Let’s make a selection based on a country name:

print(lyr.GetFeatureCount())
lyr.SetAttributeFilter("NAME = 'Germany'")
print(lyr.GetFeatureCount())
9
1

You probably notice that the entire selection query is a string that, indicated by "". Likewise, since we are selecting by an attribute defined as string (i.e., text), that text itself needs to be formatted as such. Since the entire query already is indicated by "", we are using '' as the indication for the string inside the attribute. This is an important rule, and you will need to pay attention to that. It becomes more clear, when we select based on a more complext search query, here for example by the name of two countries. We will need to apply some SQL syntax to achieve that:

lyr.SetAttributeFilter("NAME IN ('Germany', 'Netherlands')")
print(lyr.GetFeatureCount())
2

This looks correct. Here, we make use of the SQL rule IN, but we could also run this using a slightly different rule, here by using the rule OR:

lyr.SetAttributeFilter("NAME  = 'Germany' OR NAME = 'Netherlands'")
print(lyr.GetFeatureCount())
2

For the present shapefile, these are probably the only meaningfull selections by attributes.

Practice!

Open a different shapefile, possibly one that you have used in a different context. Play around with different selection queries, e.g. by varying between attributes where the values are stored as string vs. integers. It is all about practice - without repeatedly doing it you won’t be able to master these tasks!

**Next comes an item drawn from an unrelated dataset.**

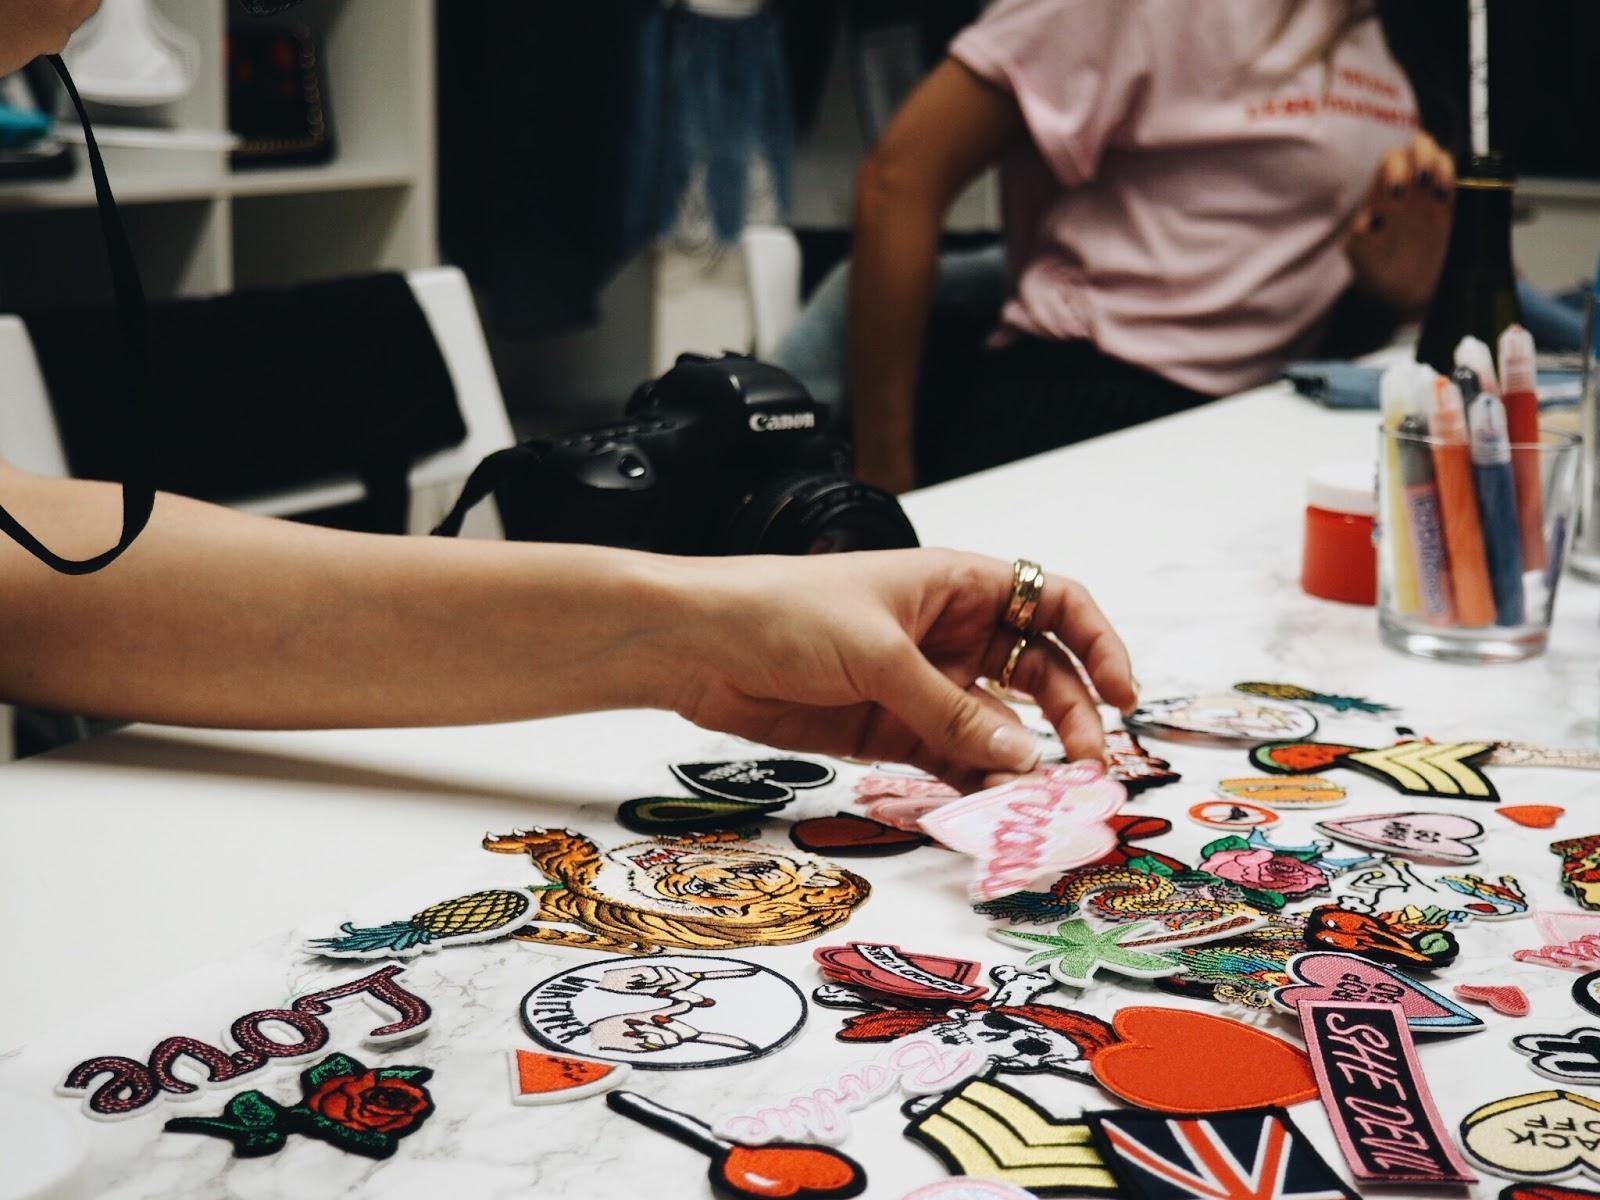 Game nail color workshop - Denim Workshop With Boohoo
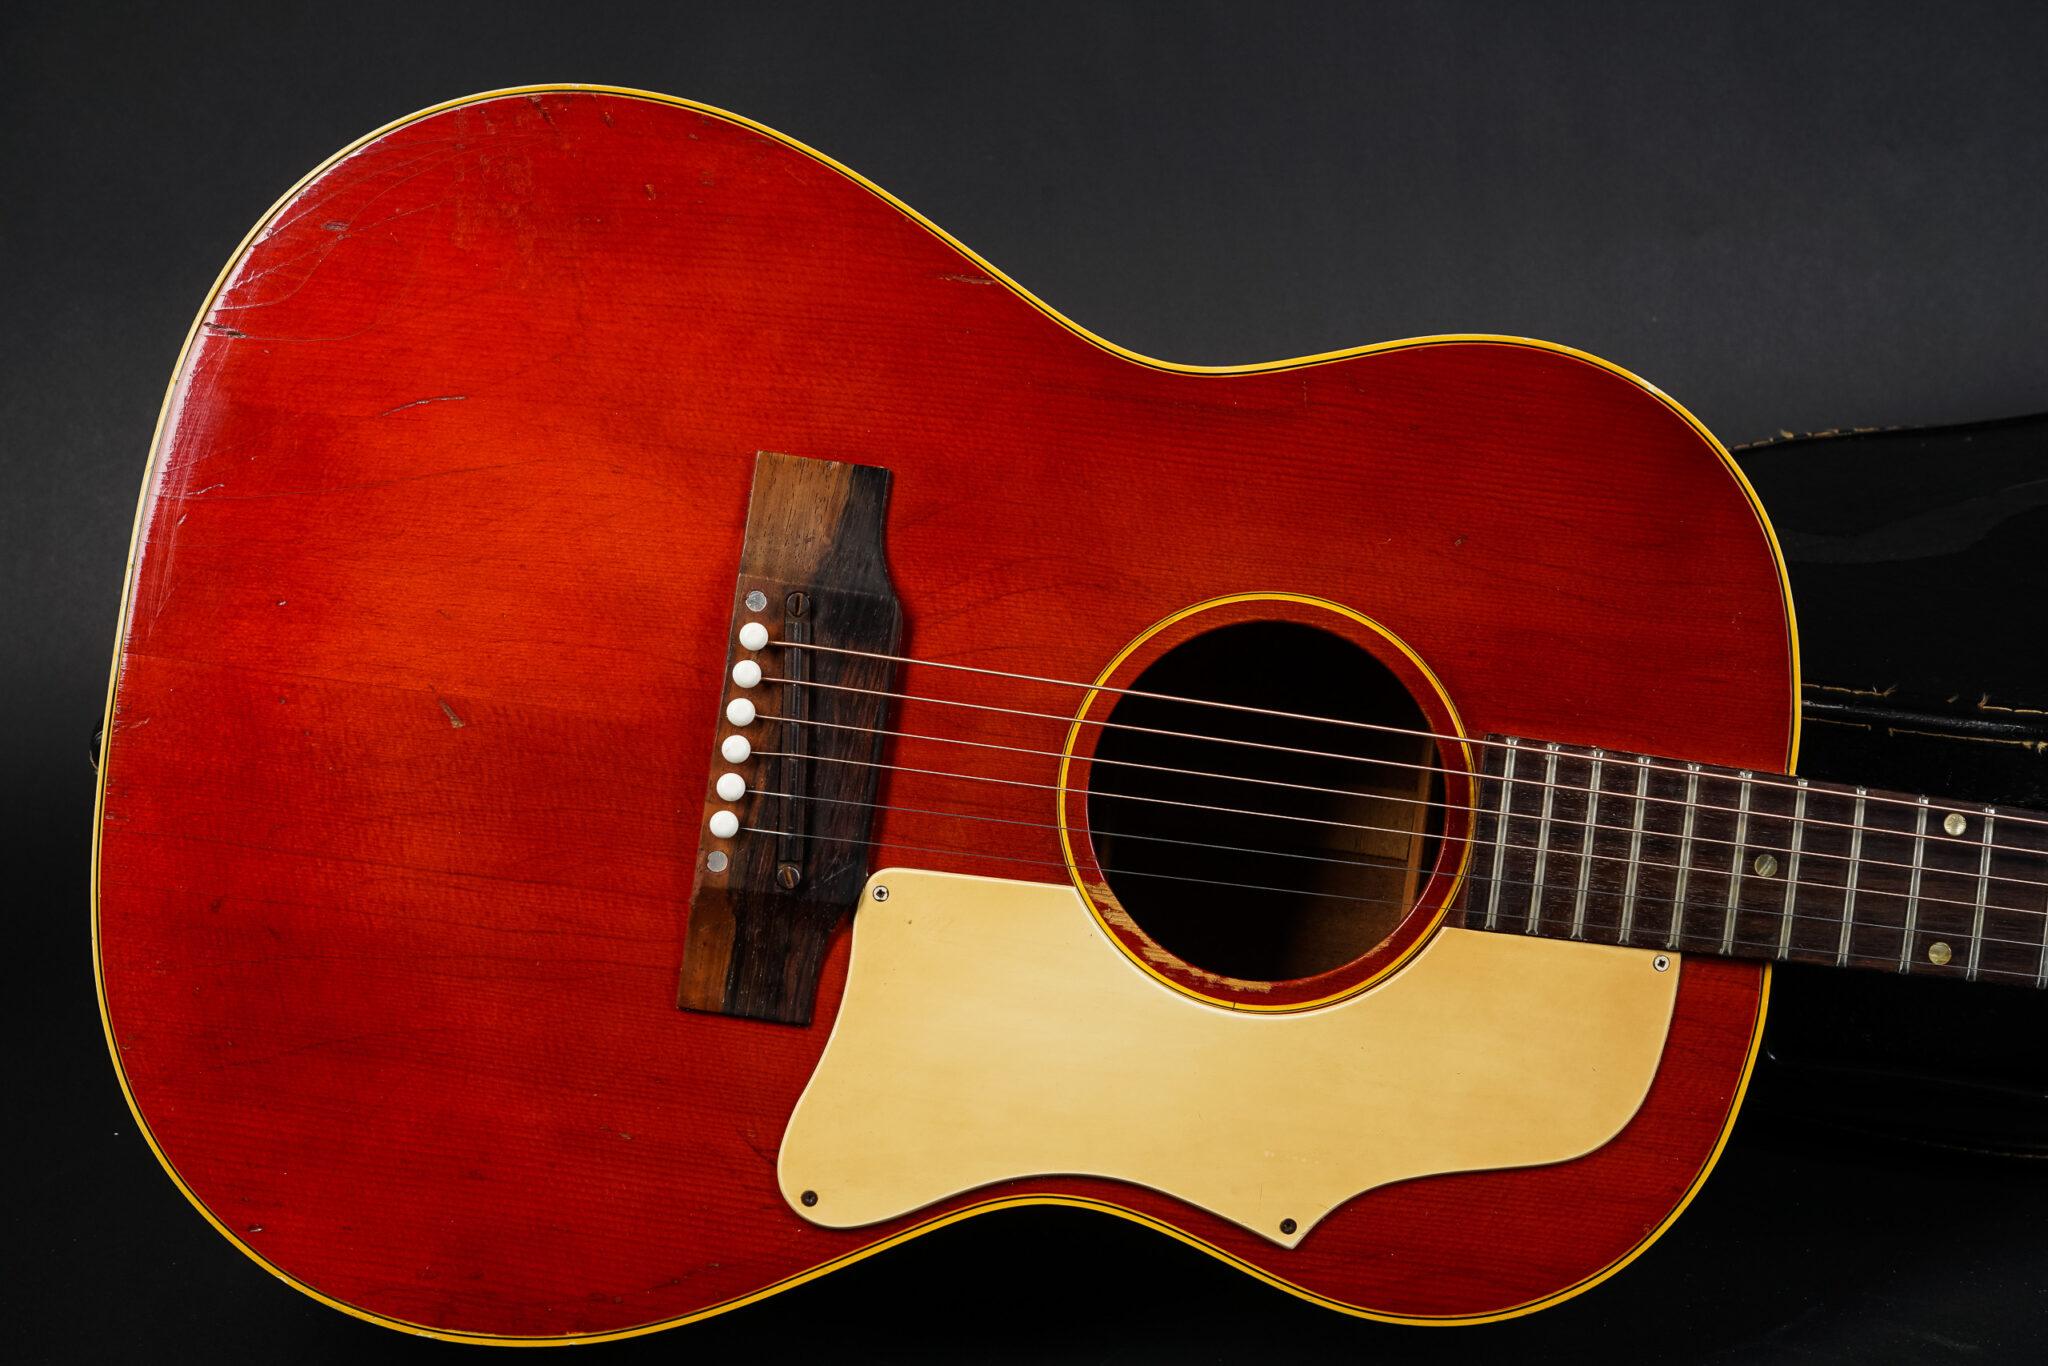 https://guitarpoint.de/app/uploads/products/1968-gibson-b25-cherry/1968-Gibson-B25-Cherry-500384-8-2048x1366.jpg

if we want to remove an attribute filter, we can pass the argument None to the selector. Though, when your goal is to make another selection, there is no need to remove a previous filter:

lyr.SetAttributeFilter(None)
print(lyr.GetFeatureCount())
9

Selections by geometries (i.e., spatial filter, select by location)#

The second way we can make selections of feature is via spatial locations. This is the more geographic spatial filter is a useful tool to reduce the number of features prior to doing any analysis with them. It is comparable to a select by location function in ArcGIS / QGIS. The genereal question that is asked in this type of analysis is: return me the number of features in a layer that intersect with the feature of another layer. This means, that we have now two elements to think of: (1) we need a second layer from which we select features based on their location, (2) we need the geometry of a feature of the first layer.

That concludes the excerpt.